Exercise prompt: Pictures should be omitted; restate word for word the lines from the one holding "6Digit June 19, 2018 (Tuesday) Result" through the last line of the entries below.

○ ○ ○ ○ ○ ○ ○

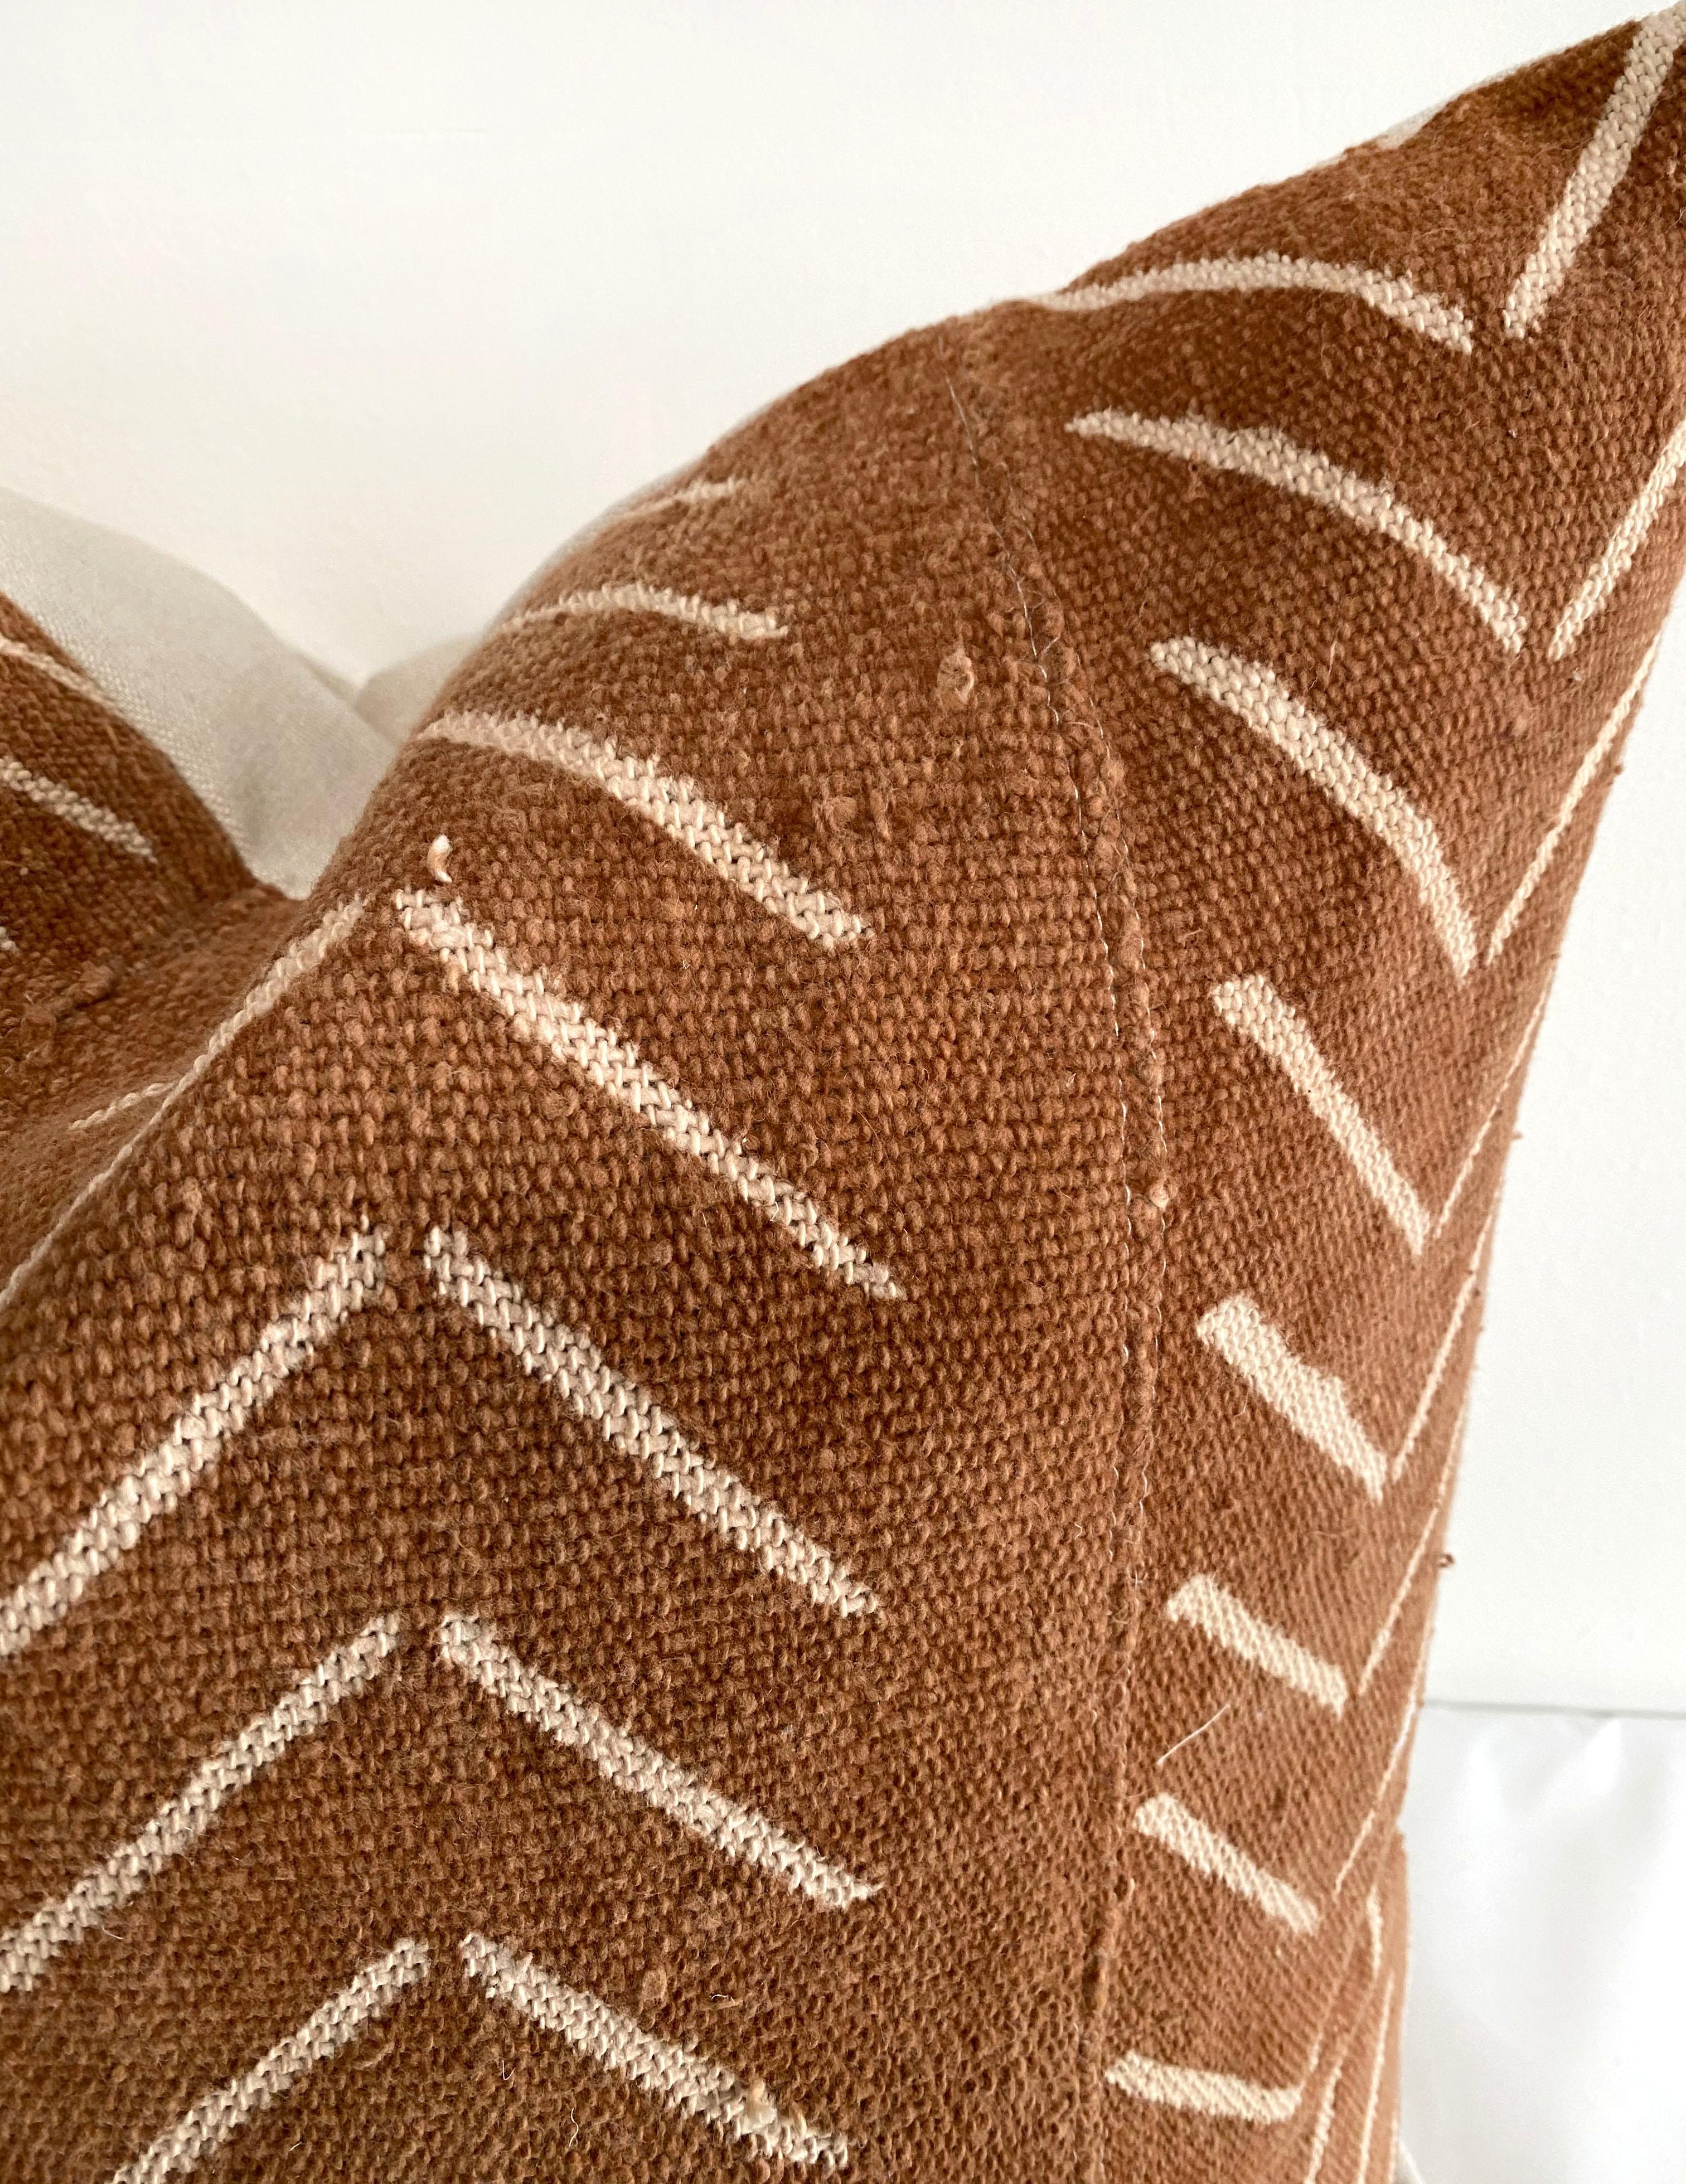 Linen Vintage Mali Cloth African Mudcloth Pillow with Down Feather Insert
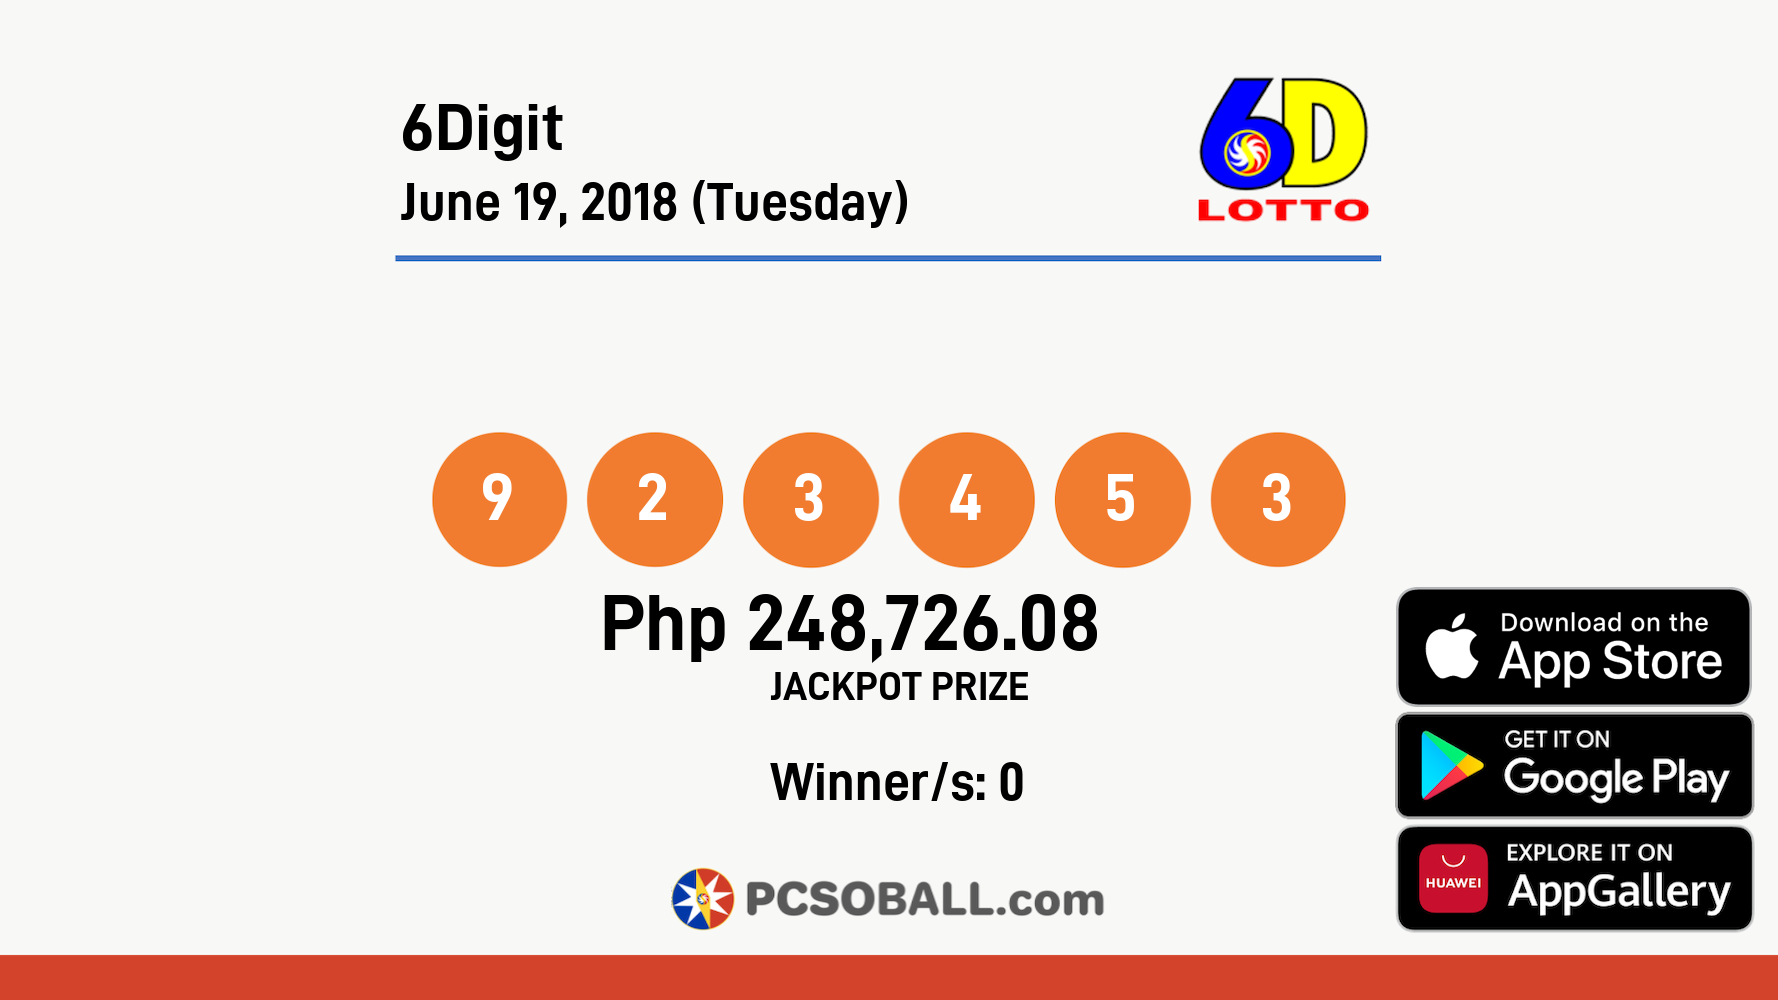 6Digit June 19, 2018 (Tuesday) Result
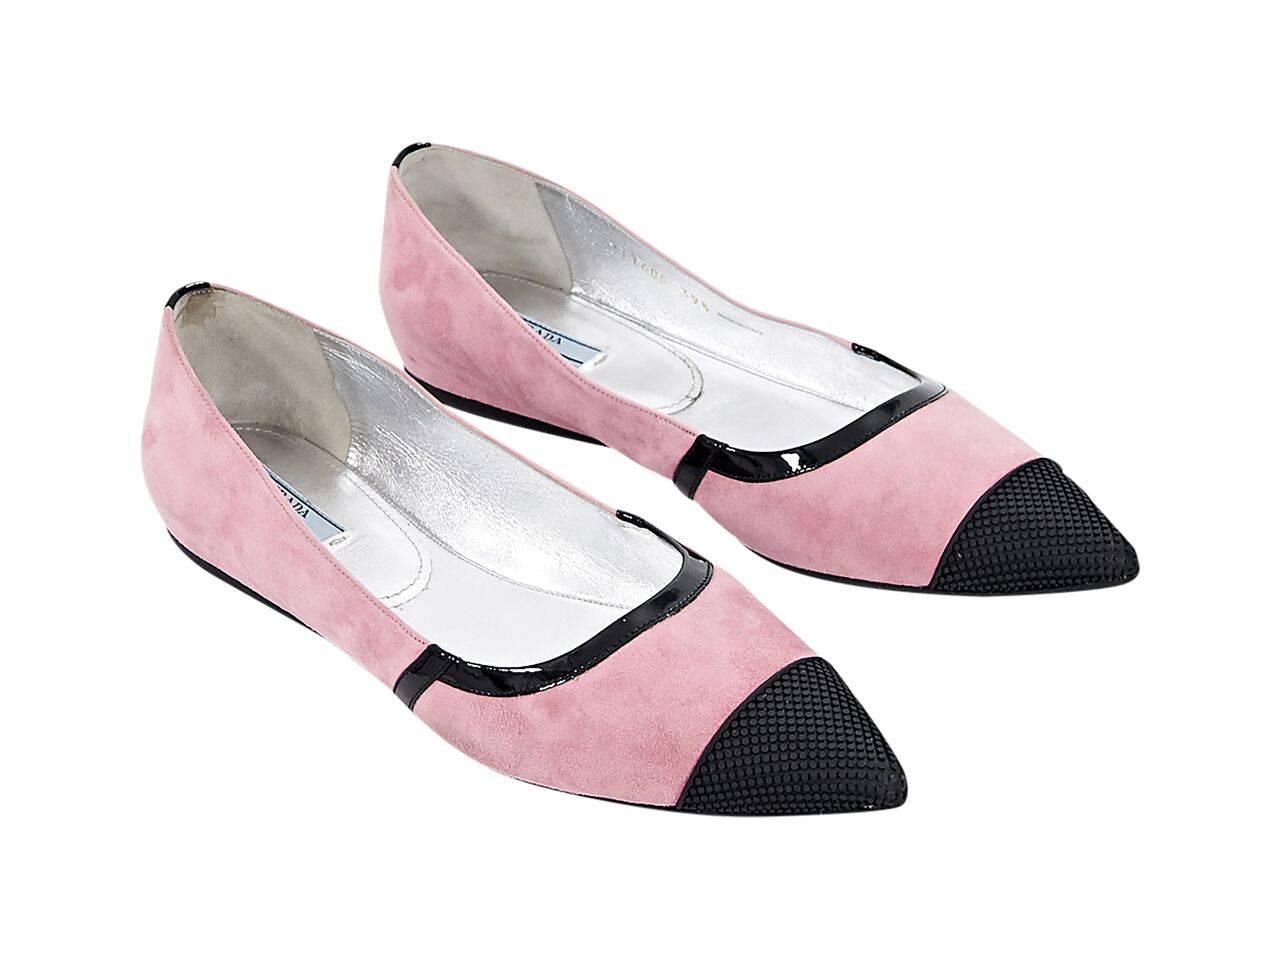 Product details:  Pink suede flats by Prada.  Trimmed with black patent leather.  Rubber point toe.  Slip-on style.  
Condition: Pre-owned. Very good.
Est. Retail $ 435.00

○ ○ ○ ○ ○ ○ ○

Solution below:
 6Digit June 19, 2018 (Tuesday) Result
 Product details:  Pink suede flats by Prada.  Trimmed with black patent leather.  Rubber point toe.  Slip-on style.  
Condition: Pre-owned. Very good.
Est. Retail $ 435.00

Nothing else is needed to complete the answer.